Participants develop scenarios through which they sketch credible alternate futures. They design strategies to address these possibilities, giving businesses and public entities more agility, flexibility and creativity.

Artists and designers solve problems through the constant movement between analyzing, sensing and making – an imaginative process that is sometimes described as intuition. As classic innovators, they may build upon existing practices; they may break down a form or product and reconfigure it into a new thing altogether; they may investigate new technologies and materials. They sketch, they build models and prototypes. Ideas are powerful when made tangible.

Art is unsettling – it engages with sensory experience, emotion, motivation, playfulness, the rational and irrational, the uncomfortable, uncanny and awesome. Art is rigorously self-reflexive and critiques contemporary society. China's courageous contemporary artist, dissident Ai Weiwei, who was jailed for his criticism of the authorities, exemplifies this power.

Design is an interdisciplinary force that is able to analyze inventions and match human capacities and needs, in all their variability and complexity, with technologies. The imagination of designers and artists is transformative.

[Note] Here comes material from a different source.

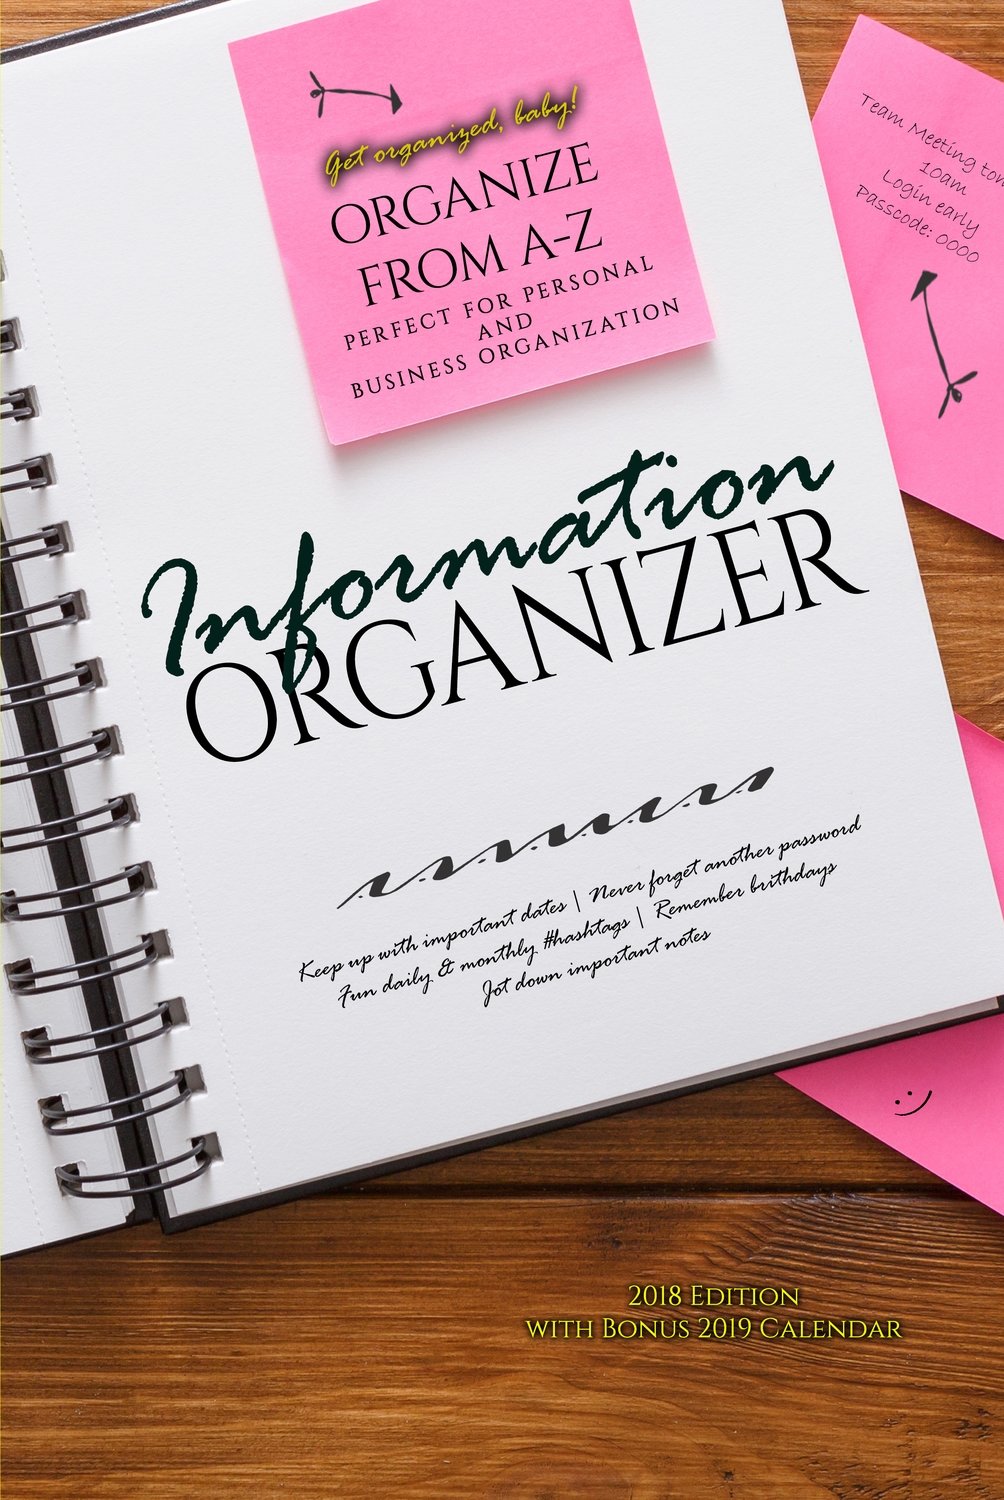 Information Organizer - Organize from A-Z

Millions of consumers reward companies such as Apple or Umbra that place design at the centre of their enterprise.

Design is also a force for accessibility and removing barriers. Ontario's Inclusive Design Institute, led by OCAD University, brings together an international community of open-source developers, designers, researchers, and people with disabilities to ensure that emerging information technology and practices are designed to include the full range of human diversity with respect to ability, language, culture, gender, age, and so on.

The ability to think critically and to apply and understand different methodologies is fundamental to the ability to ask questions, act and make ethical decisions. The 21st century needs curatorial skills to navigate and interpret the overwhelming gush of information.

Artists and designers are now not only expert users of technology, but they increasingly engage with science – as inventors in their own right and as partners in devising the practical applications of scientific discoveries in fields ranging from engineering to medicine.

Art and design imagination is needed at the coal seam – where infinitely precise scientific instruments, digitization of analogue material, and the explosion of digital storage capacity, processing power and the Internet have produced massive quantities of Big Data (such as volumes of text, financial figures, genomic, or cosmological data). The limits of human sensory perception mean that data cannot be understood without translation; which requires not only computational know-how but also the interpretive and representational strengths of art and design.

Business knowledge and entrepreneurial strategy are the final skills – providing the means to catalyze imagination into innovation, which is the next generation of products, jobs, or services. One of OCAD University's young Industrial Design graduates, Jessica Ching, is winning awards as she takes HerSwab to market – a simple device that allows women to self-collect a viable sample for HPV (the virus that causes cervical cancer) and other sexually transmitted infections testing, which has the potential to increase screening rates.

Innovation – the ability to move inventions to actual markets – must take into account speed of information, adoption and change, new forms of industry; collaborative creation; economic impact, policy adoption, social change, and community transformation. In each of these, imagination matters.

Sara Diamond is president of Ontario College of Art and Design University

Editor's note: This is a corrected version of the story, with an updated description of the HerSwab product.